Before the migration in Dongguan, the application of Baidu has been very famous, the first of course because of the Spring Festival. About the Spring Festival Travel also has a joke, said a television station in the train asked you to buy the ticket, the result came to everyone to buy the ticket conclusion. This example everyone knows is a joke, in fact, is the problem of selective sample deviation. Return to the example of migration in Dongguan, the problem is the same, but we do not as a joke.


We'll talk about another more serious problem, also starting with a joke, there's a conclusion that drinking more milk is more likely to get cancer. That's a scary conclusion, but if you collect data on milk consumption and cancer ratios across regions, even a simple diagram can be seen as positively correlated.
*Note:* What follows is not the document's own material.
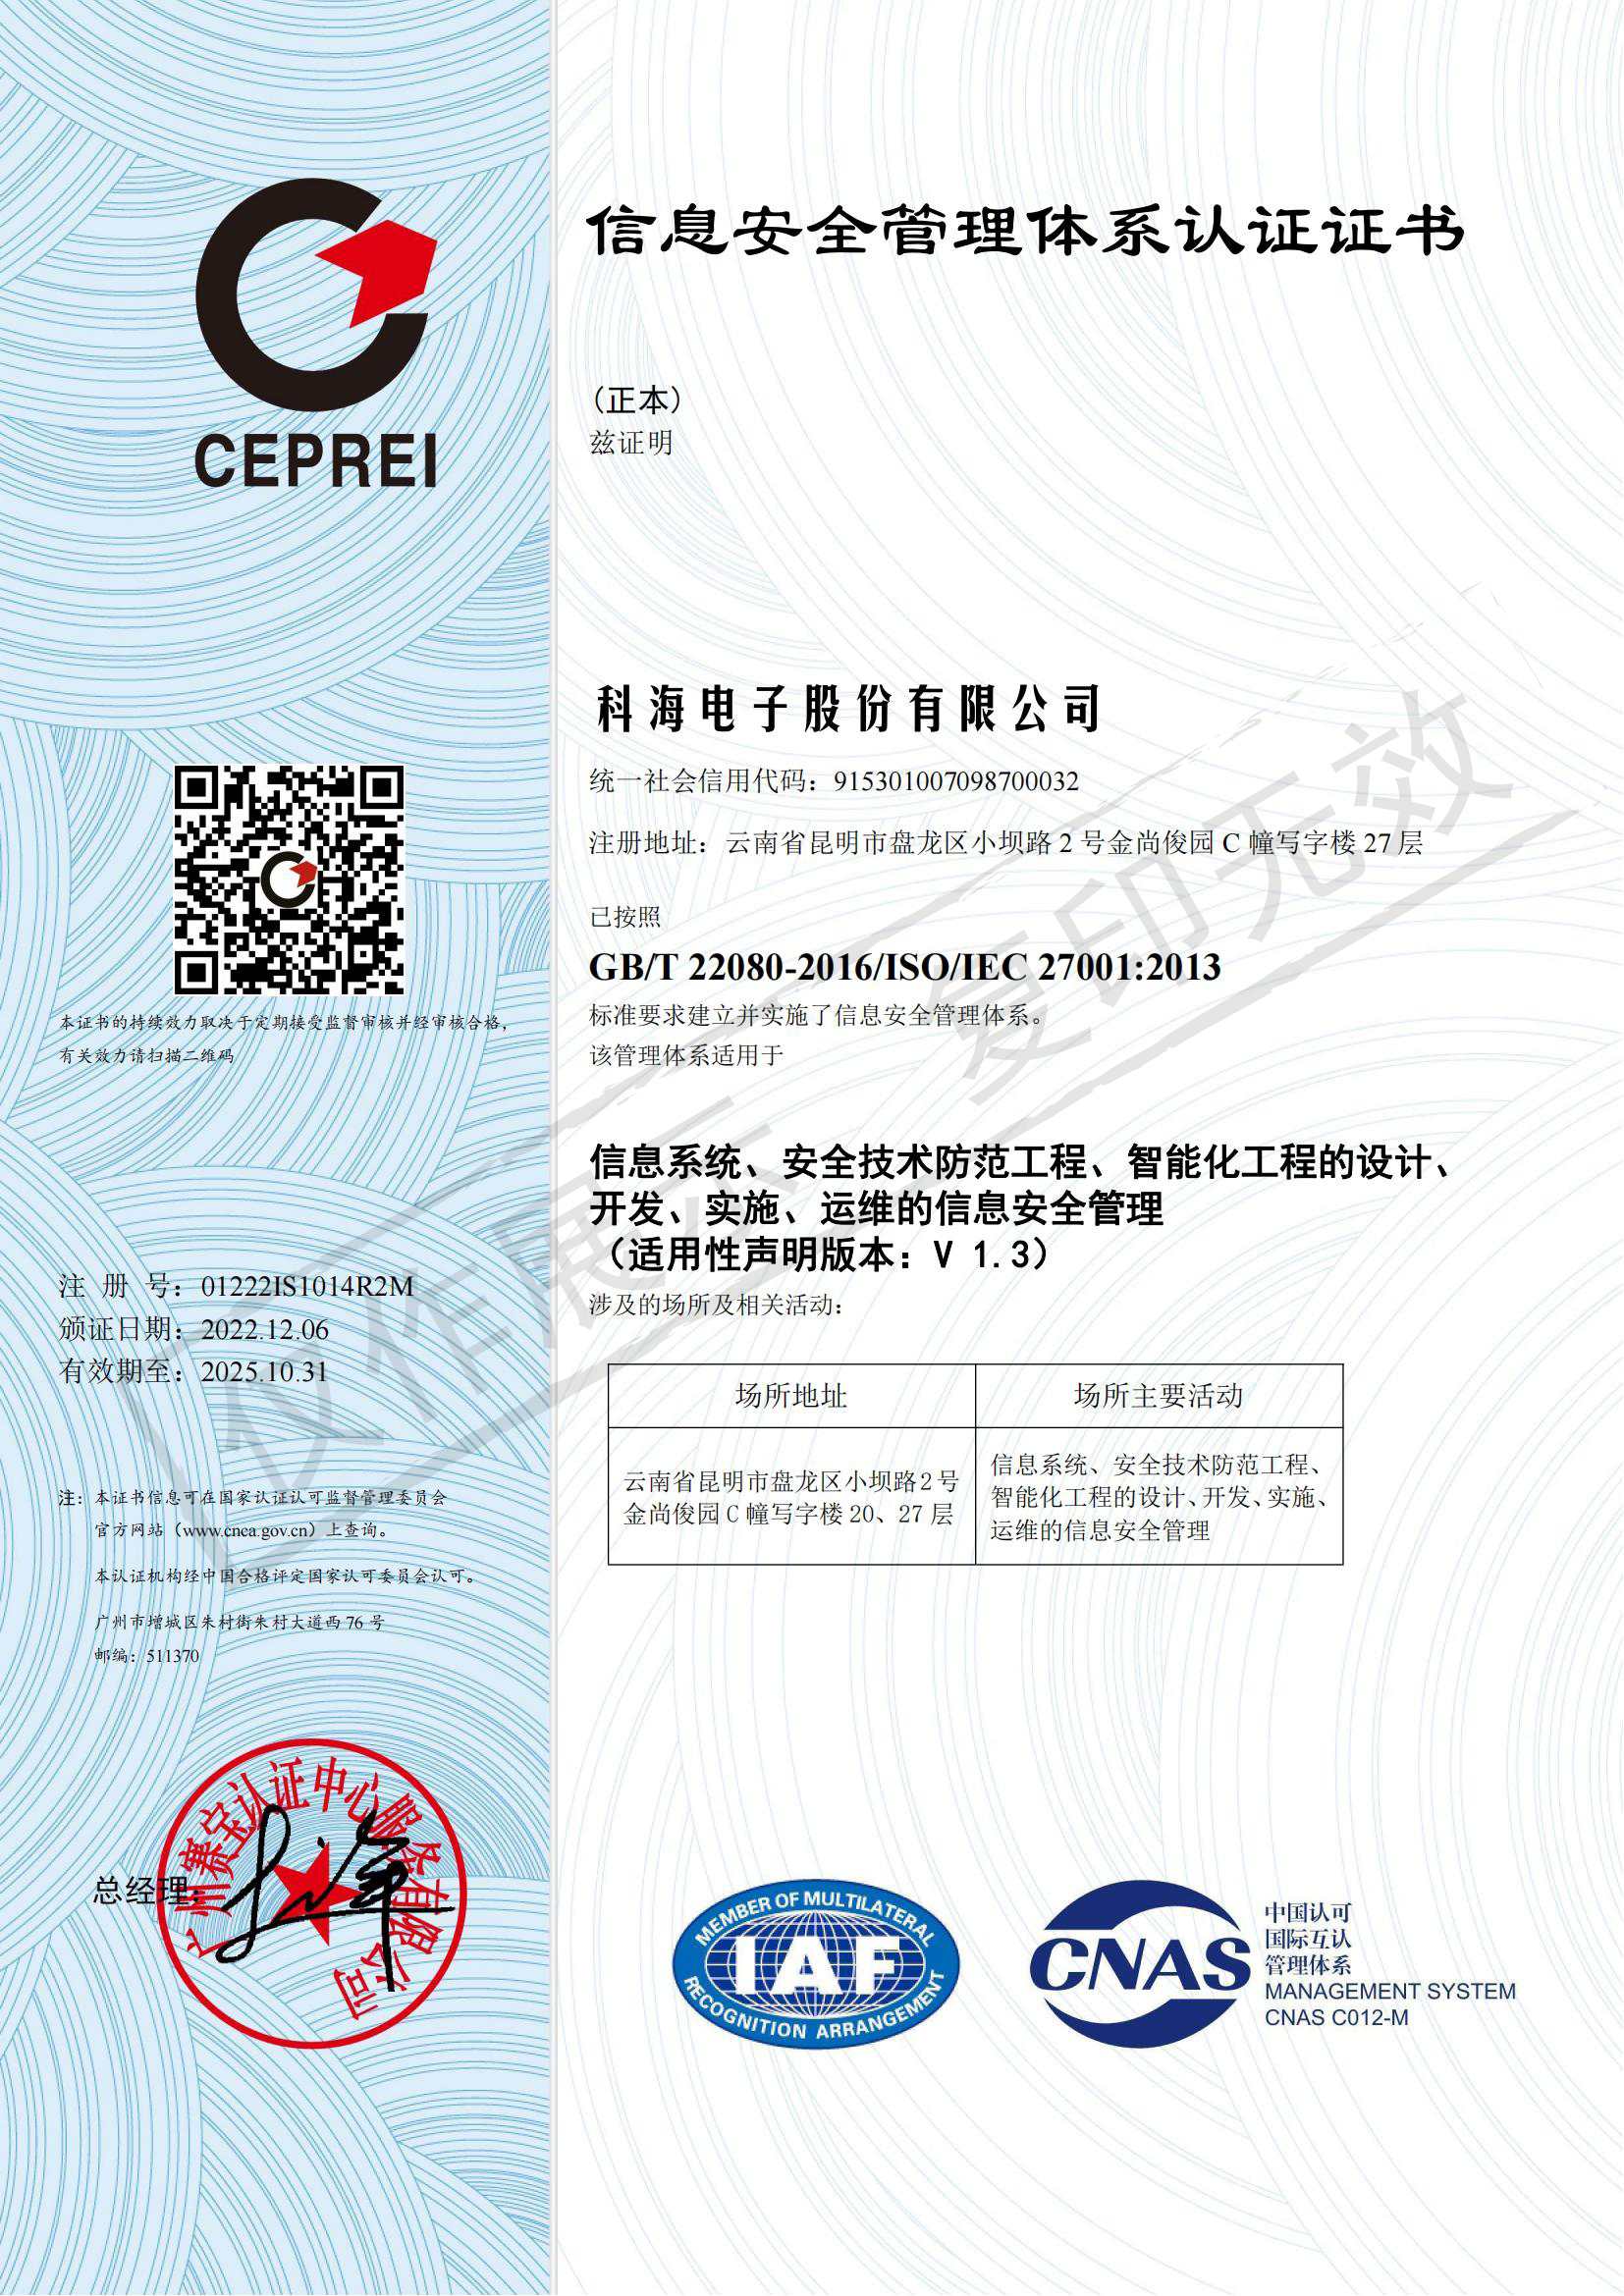 信息安全管理体系认证证书-中文2022年12月_00.jpg

This problem is what, I believe many people have seen, that is missing the key factors. Generally speaking, the economically developed region milk consumption will be relatively high, and because of the pace of life and environmental pollution, the proportion of cancer will be relatively high, that is, the key factor is the regional economy is developed, rather than simple milk consumption and cancer relationship.


return to Dongguan as the example of migration, Dongguan as a GDP ranked in the forefront of the small cities, is very extraordinary, the annual attraction of migrant workers is not a small number. The number of people involved in the sex industry is only a small proportion. In terms of dimension, the influence of CCTV exposure events on population migration is not necessarily comparable to random error.


finally we go back to the data itself, many readers looked at the top 10 cities rankings, but did not look at the proportion of the value, take out the city, the first three Hong Kong, Ganzhou, Chenzhou proportion of more than one-tenth, while the proportion of other cities is very small, the tenth place in Zhangzhou only 19 per thousand, It is meaningless to tangle with other cities.


We look again at the top three of the three cities, even if the inquiry at the time of writing (February 10 23 o'clock), is still the first three, indicating that the date of the data ranking does not prove that the CCTV exposure to the time series has a significant impact. We look at the immigration data of Hong Kong, Ganzhou and Chenzhou, and the top 10 have no Dongguan, so even if there are any unusual places in the three cities, it is not necessarily the result of Dongguan.


in any case, the example of "Dongguan migration" is definitely a good example of large data, its value is not in the conclusions of the net, but can clearly explain a real large data analysis process and the common people of large data analysis of misuse, large data analysis is not a panacea, No matter what the analysis should be based on scientific methods, otherwise it will be a strong misleading to people, which is not worth the candle.

Related Article

Contact Us

The content source of this page is from Internet, which doesn't represent Alibaba Cloud's opinion; products and services mentioned on that page don't have any relationship with Alibaba Cloud. If the content of the page makes you feel confusing, please write us an email, we will handle the problem within 5 days after receiving your email.

If you find any instances of plagiarism from the community, please send an email to: info-contact@alibabacloud.com and provide relevant evidence. A staff member will contact you within 5 working days.

A Free Trial That Lets You Build Big!

Start building with 50+ products and up to 12 months usage for Elastic Compute Service

  • Sales Support

    1 on 1 presale consultation

  • After-Sales Support

    24/7 Technical Support 6 Free Tickets per Quarter Faster Response

  • Alibaba Cloud offers highly flexible support services tailored to meet your exact needs.